Rachel Grobstein
My miniature sculptures and paintings are inventories of daily life. I filter real world objects through a meticulous handmade process, using a radical scale shift to defamiliarize commonly overlooked objects and invite intimate, slow scrutiny.
My miniature sculptures engage with the tradition of still life, cataloguing an everyday world where routine meets consumer culture and personal history. Presented here are works from a series of boxes and piles that suggest narratives though people are absent, through details like layers of tape. Also presented are works from a series based on the objects found on people's bedside tables. I began by asking friends for pictures of their nightstands, and then expanded the series to a wide group of people across the country. I'm interested in how these collections speak to universal themes, from memory and self care to sex and dreams, and also create complicated individual portraits of their owners.

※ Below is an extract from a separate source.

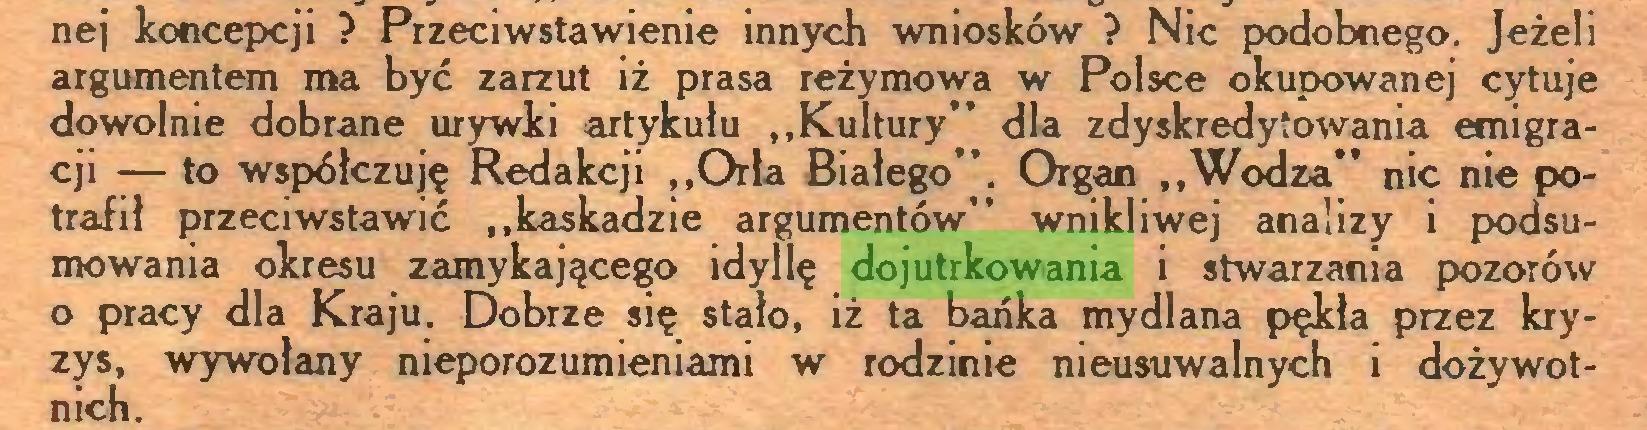 """(...) nej koncepcji ? Przeciwstawienie innych wniosków ? Nic podobnego. Jeżeli argumentem ma być zarzut iż prasa reżymowa w Polsce okupowanej cytuje dowolnie dobrane urywki artykułu """"Kultury"""" dla zdyskredytowania emigracji -— to współczuję Redakcji """"Orla Białego"""". Organ """"Wodza"""" nic nie potrafił przeciwstawić """"kaskadzie argumentów"""" wnikliwej analizy i podsumowania okresu zamykającego idyllę dojutrkowania i stwarzania pozorów o pracy dla Kraju. Dobrze się stało, iż ta bańka mydlana pękła przez kryzys, wywołany nieporozumieniami w rodzinie nieusuwalnych i dożywotnich..."""
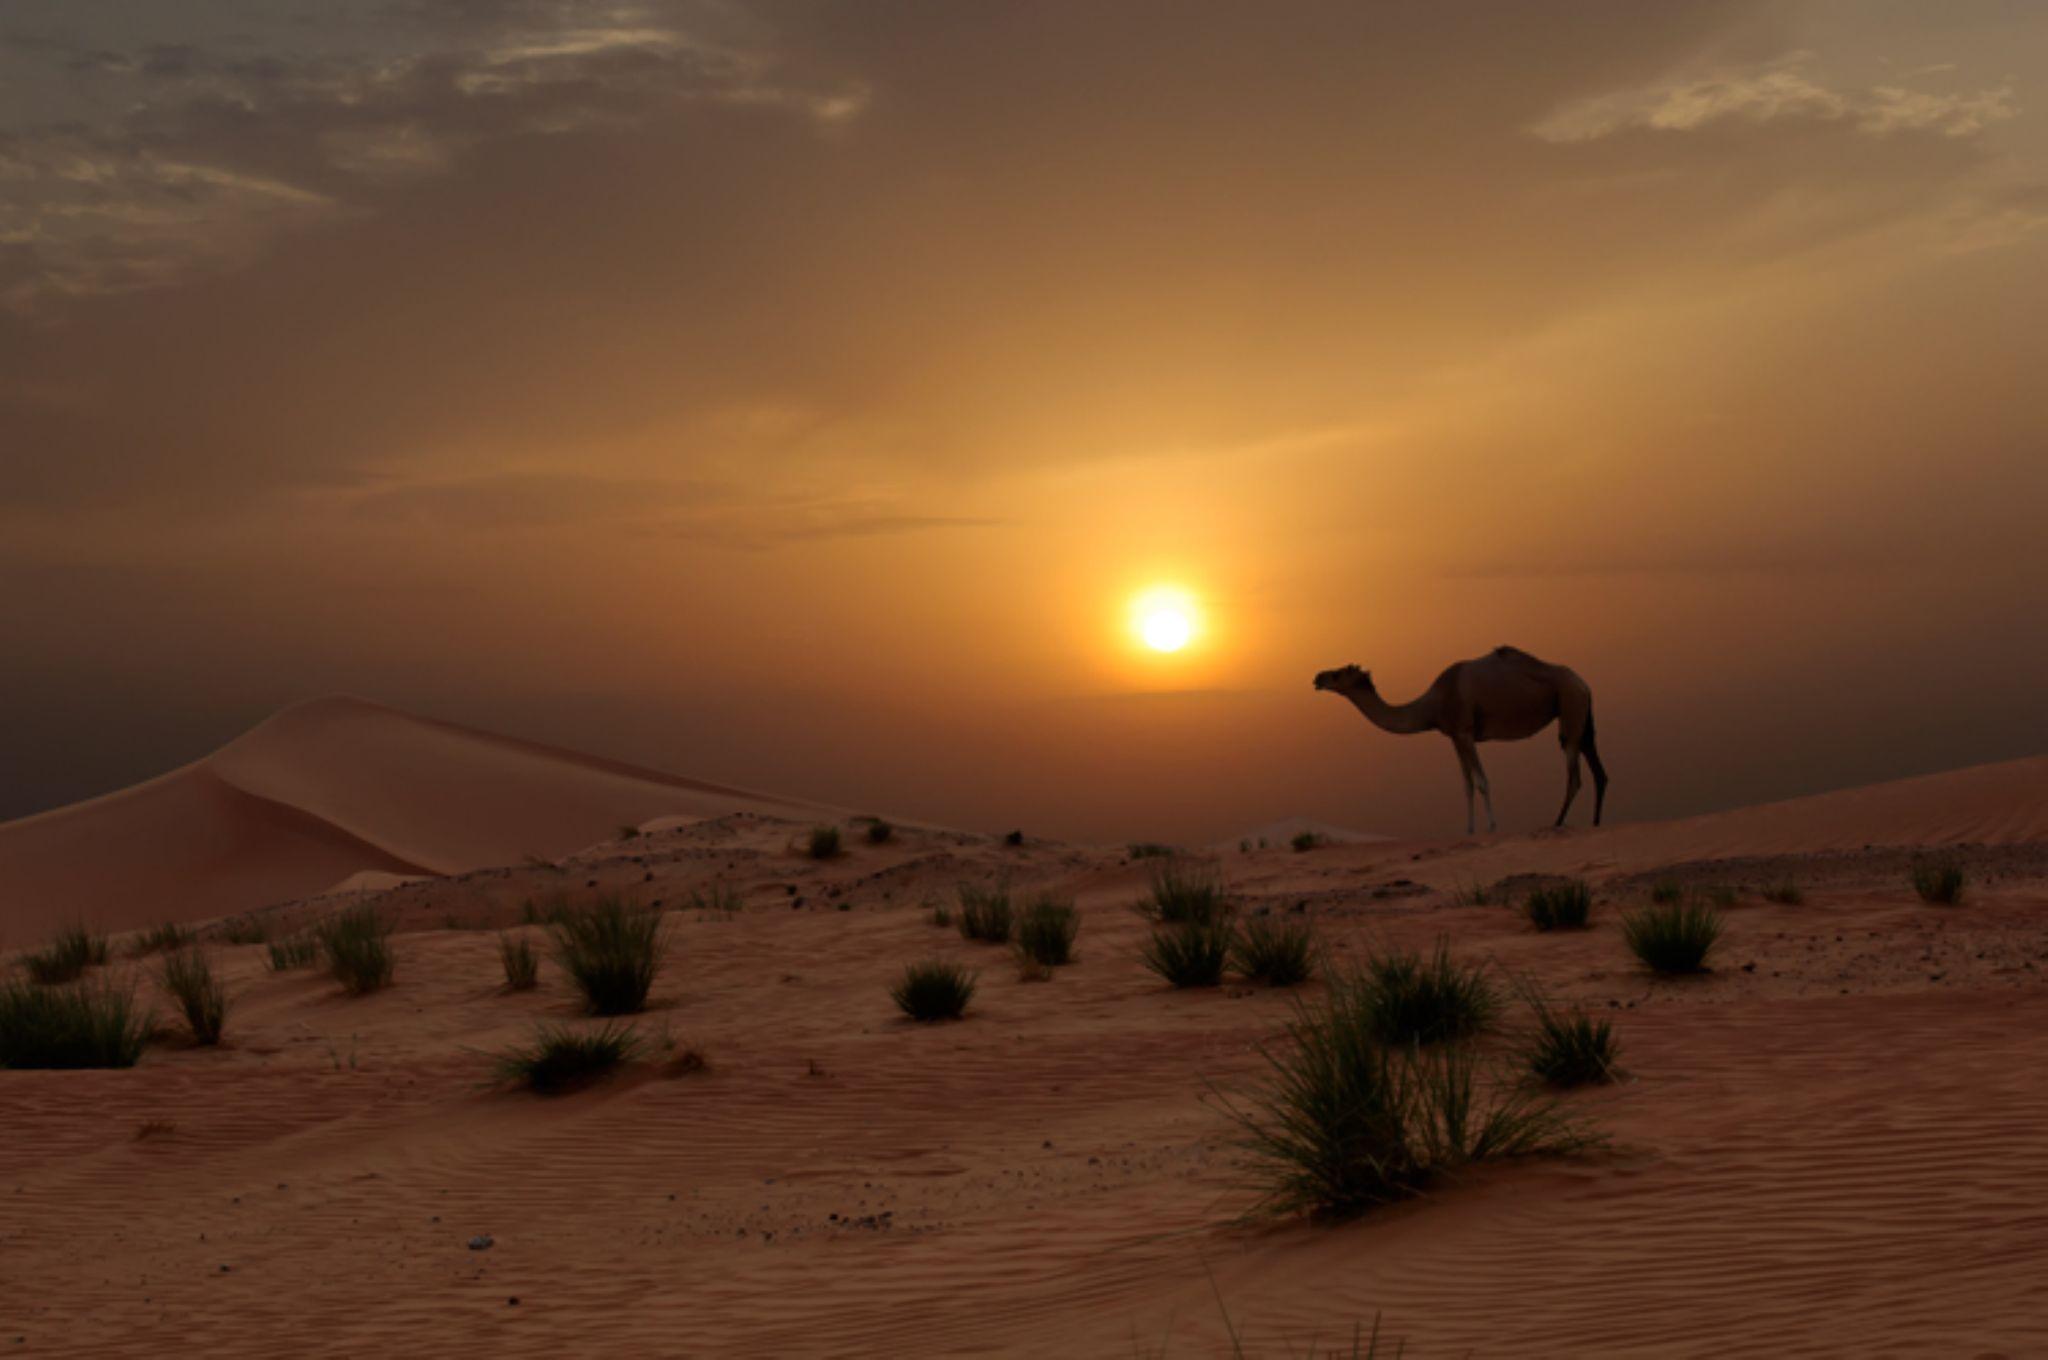 Camel in the Desert by muznabutt

My miniature gouache paintings are cut from paper and installed directly into the wall with pins. They create an architecture of shadows and reference natural specimens. Works in a current series use themes of space junk, zodiac charts and the mythology of specific constellations to speak to daily routine and consumer detritus . I have been researching how space junk (defunct human-made objects like rockets, satellites, etc) is rapidly accumulating in the earth's atmosphere. I interpret this idea in my work using detritus of consumer culture, out of sight in landfills but not gone.